Questi scritti per Bourgeois avevano molteplici funzioni: erano uno strumento per affrontare la seduta di analisi; avevano un valore terapeutico per calmarsi e liberarsi dall’ansia; costituivano la misura del lavoro che aveva già fatto, e più in generale delle forme, dei processi e delle motivazioni; le permettevano di definire le sue emozioni con più precisione fissandole nel tempo. Rappresentano un contributo originale non solo al campo della psicoanalisi ma anche a quello del femminismo. Forniscono una prospettiva unica su temi come la formazione dei simboli, il romanticismo familiare, le identificazioni materne e paterne, il lutto e la malinconia, la sublimazione. Ovvero, i temi che Bourgeois ha affrontato come artista. Emerge allora chiaro l’obiettivo dell’esposizione, che mostra come il fare arte e la psicoanalisi non fossero per Louise Bourgeois attività distinte bensì punti di un unico percorso, tanto che a volte è difficile definire dove finisca l’una e inizi l’altra.
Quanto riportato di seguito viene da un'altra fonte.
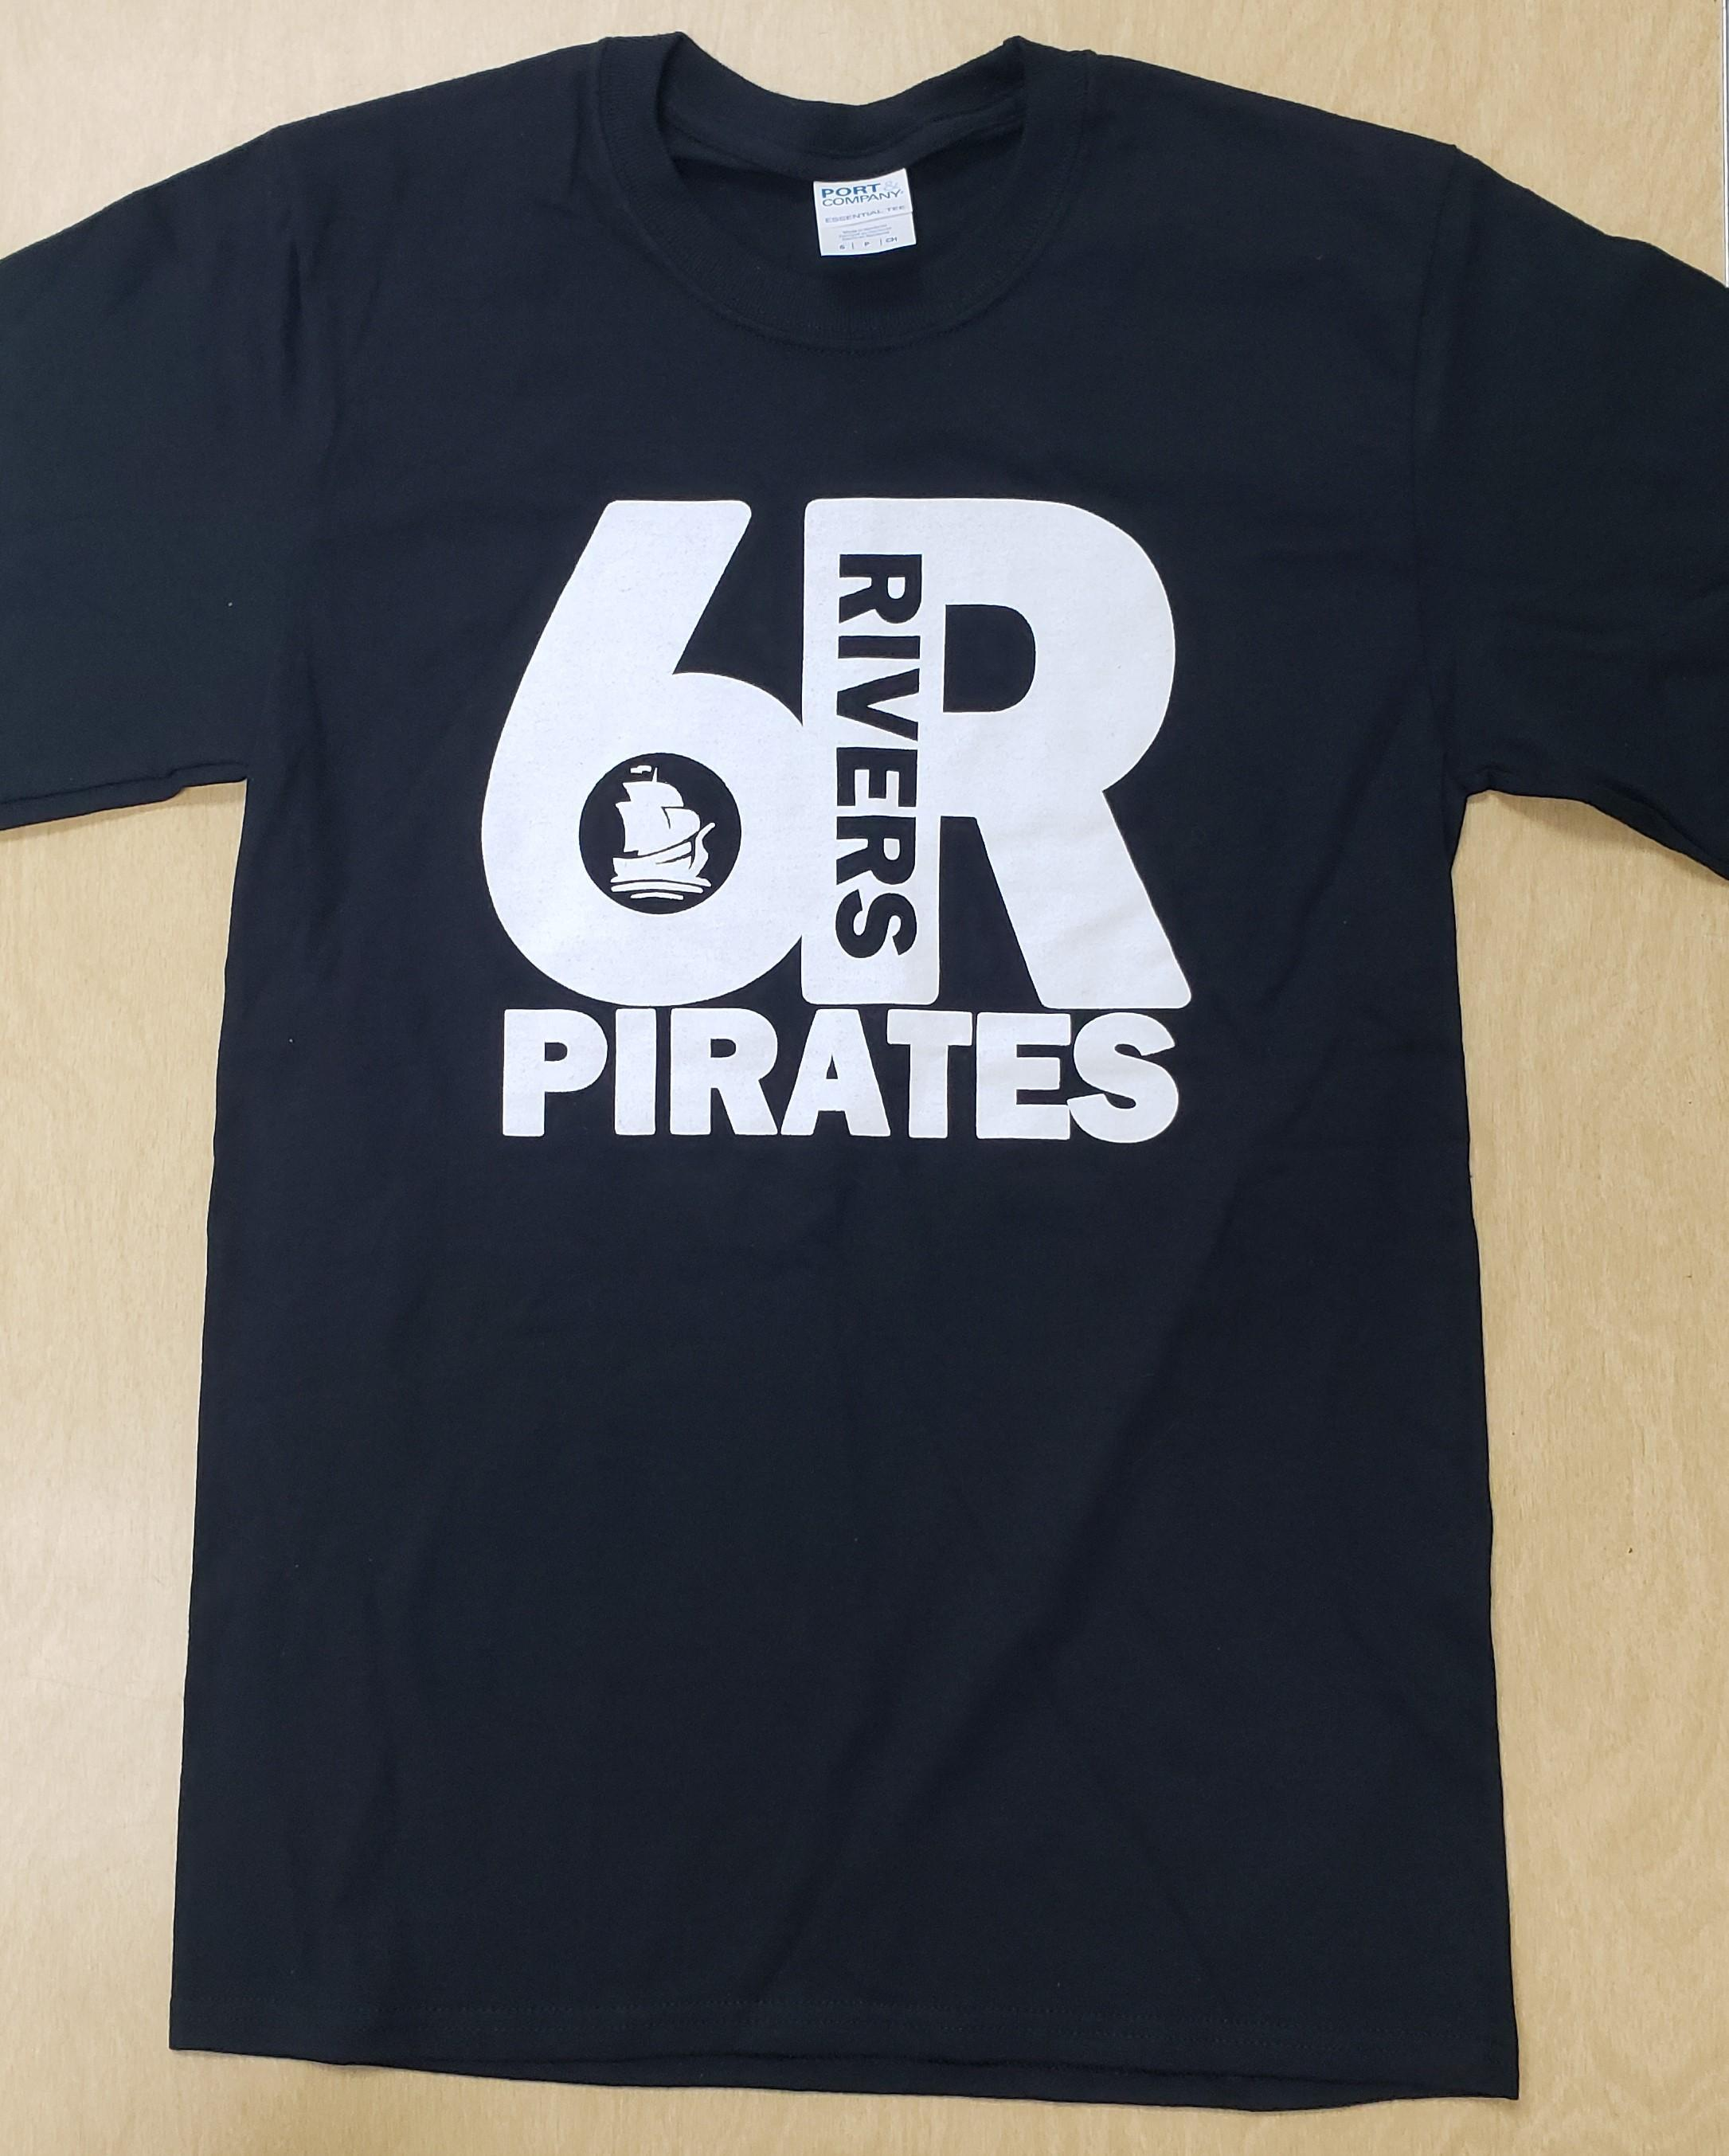 Black Shirt, White Logo -Men's Small - Front Side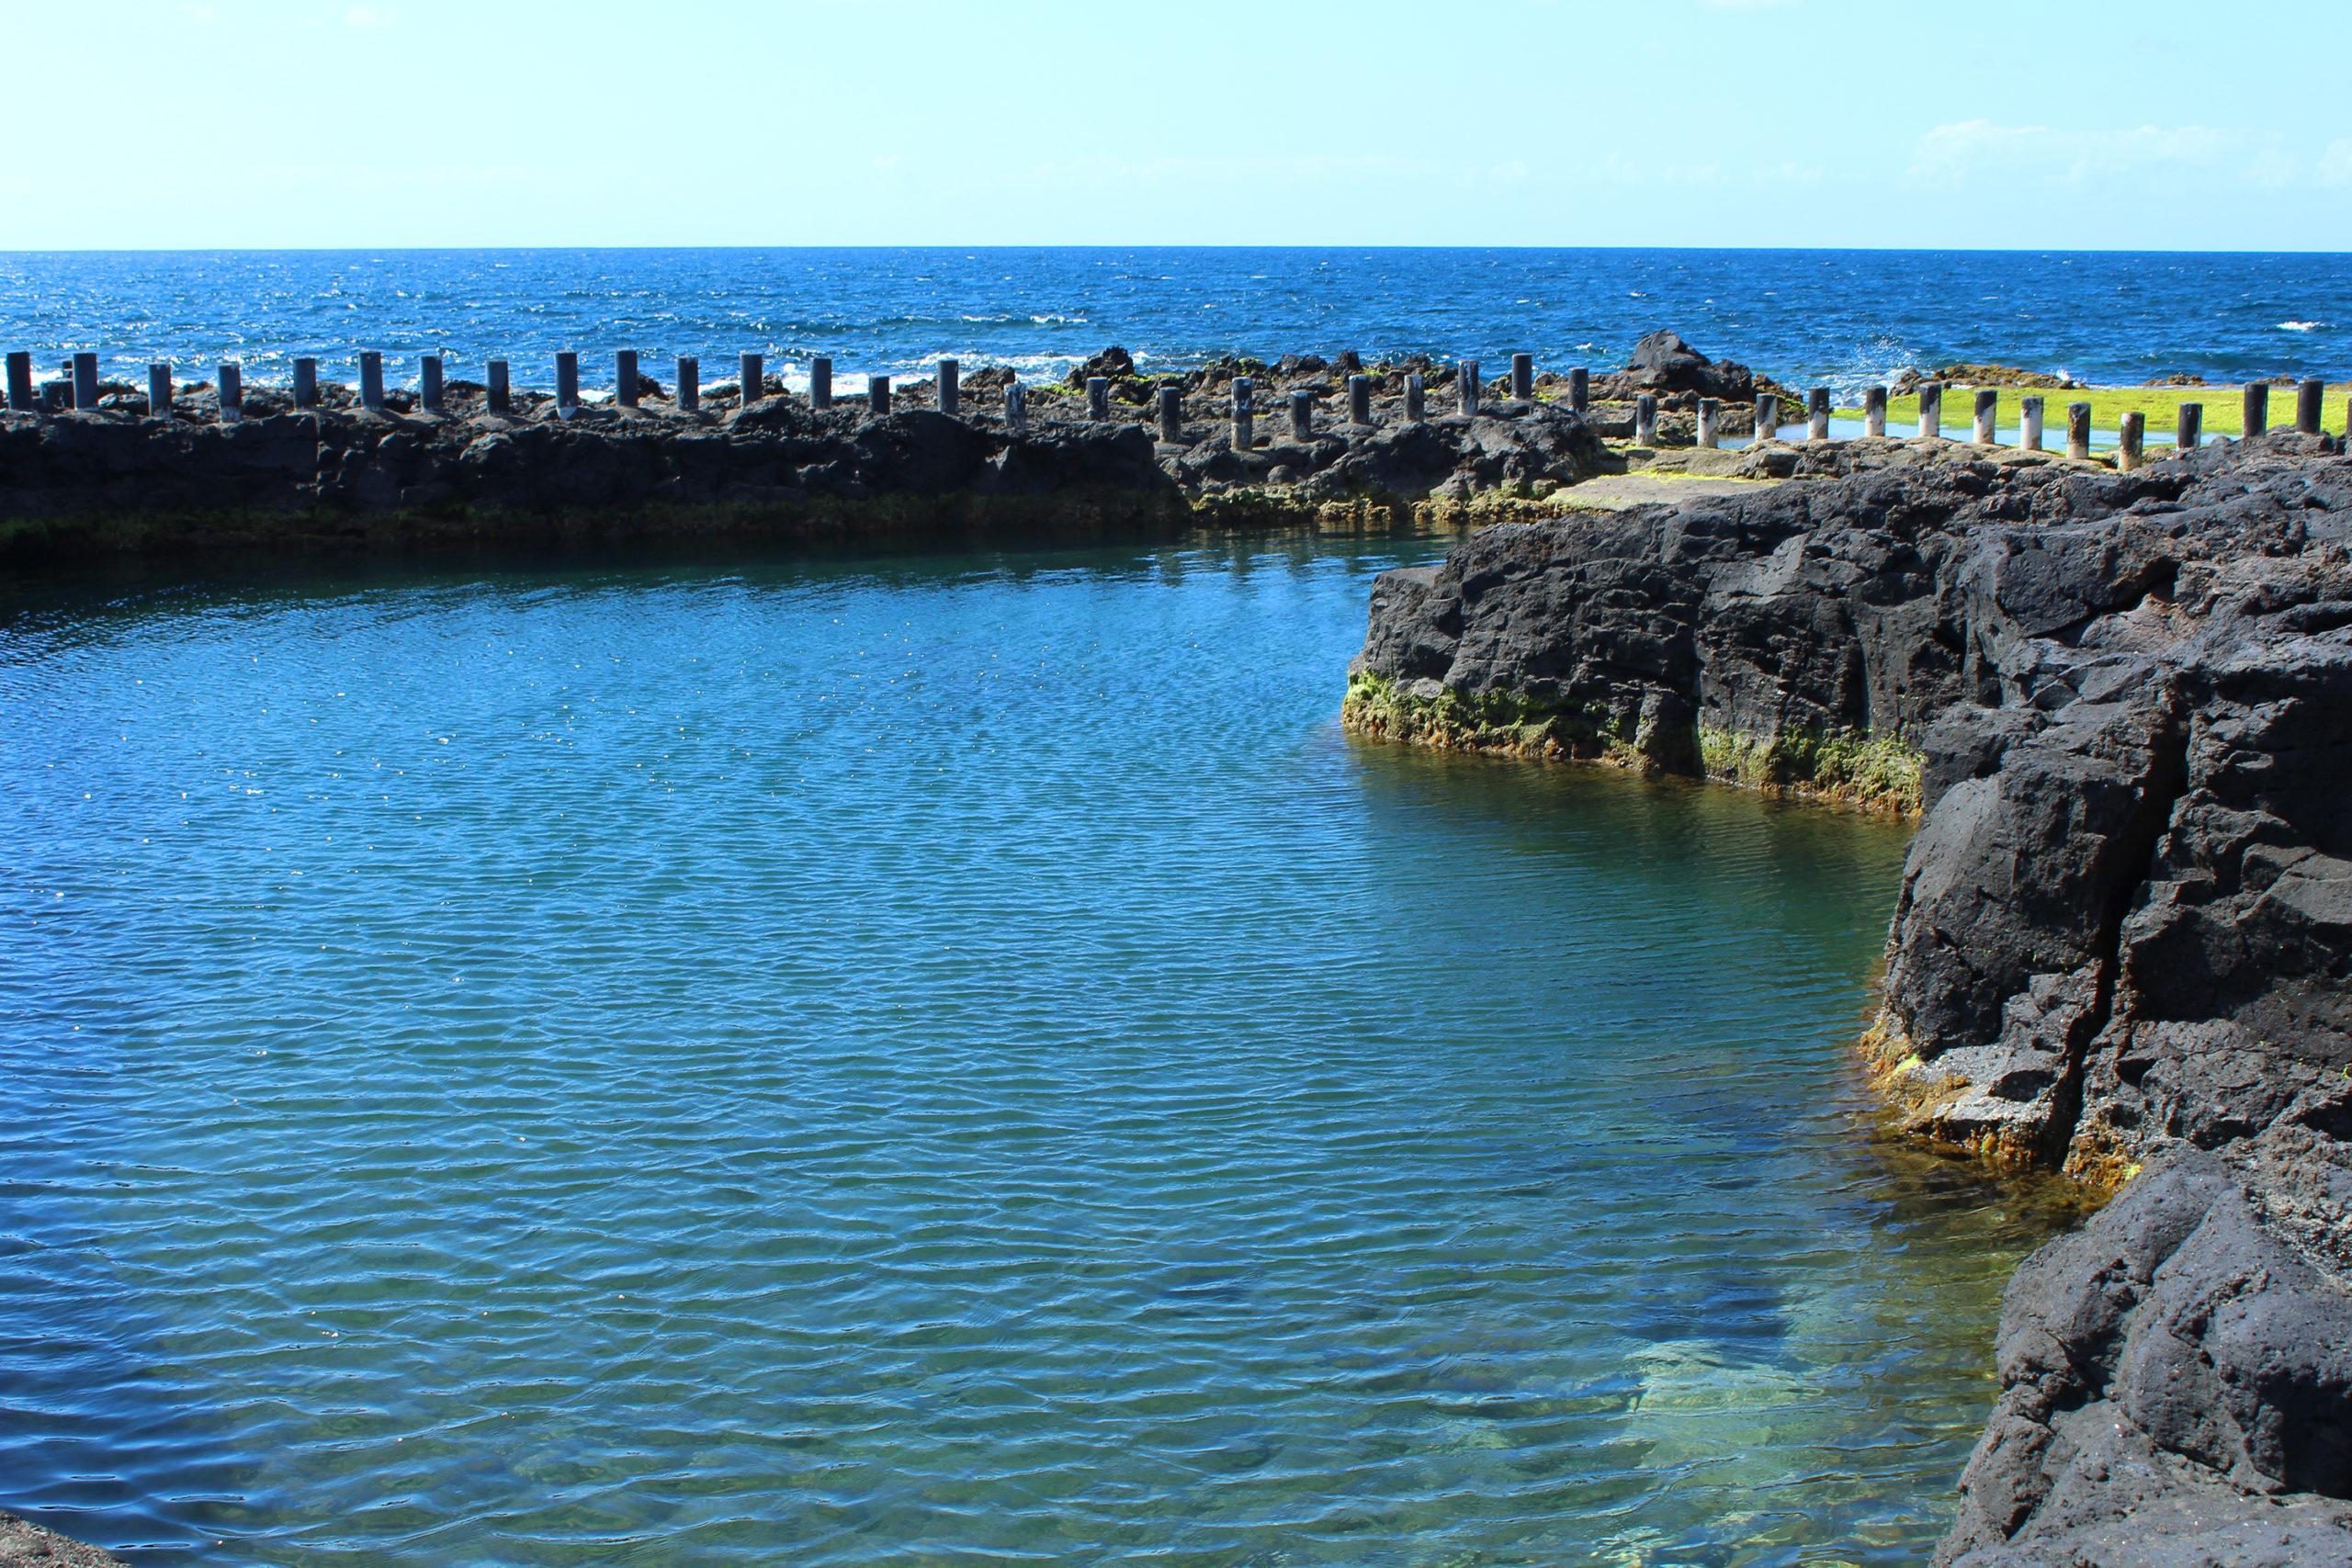 zbiornik wodny przy oceanie

Questa mostra inquadra un momento specifico attraverso la lente del complesso di Edipo, che è sia la pietra angolare della psicoanalisi freudiana sia il nucleo traumatico dell’organizzazione psichica dell’artista. Che ha lavorato a lungo sul suo rapporto con la figura paterna, non solo reale, ma anche putativa come è stata quella di Freud, di cui critica la visione della sessualità femminile, secondo Bourgeois totalmente incompresa come la personalità dell’artista creativo. L’elaborazione psicanalitica dunque tocca anche il padre di quella stessa disciplina, nella relazione complessa con Luoise Bourgeois mentre lei stessa elabora la relazione con il proprio padre biologico.
Un doppio carpiato. In effetti l’intera esposizione ha il sapore di un tuffo acrobatico, ma è molto interessante il lavoro proposto dal curatore che si sofferma sullo spazio relazionale di un triangolo amoroso decisamente originale, quello tra psicanalisi, Louise Bourgeois e produzione artistica, alla luce della figura del padre. Che, tornando all’immagine del tuffo, è quasi una meditazione sul rapporto tra spinta dei piedi, altezza del trampolino e amore per la bellezza da parte del tuffatore (che cercherà l’armonia nel movimento necessario a raggiungere l’acqua), con l’allenatore nel cuore. O forse vale la pena di semplificare, alleggerire. Perché in realtà questa è una mostra sull’amore. Con tutte le contraddizioni che questa parola porta con sé. Come scrivono i curatori, chiamare Bourgeois “figlia di Freud” significa invocare filiazione e resistenza, somiglianza e dissenso, e sottolineare l’importanza centrale della psicoanalisi nella realizzazione della sua misteriosa e idiosincratica produzione artistica.
La mostra è visibile al Jewish Museum sino al 12 settembre 2021.
Straordinaria artista sincera e provocatoria.sconcertante coraggiosa guerriera del suo inconscio. Cruda.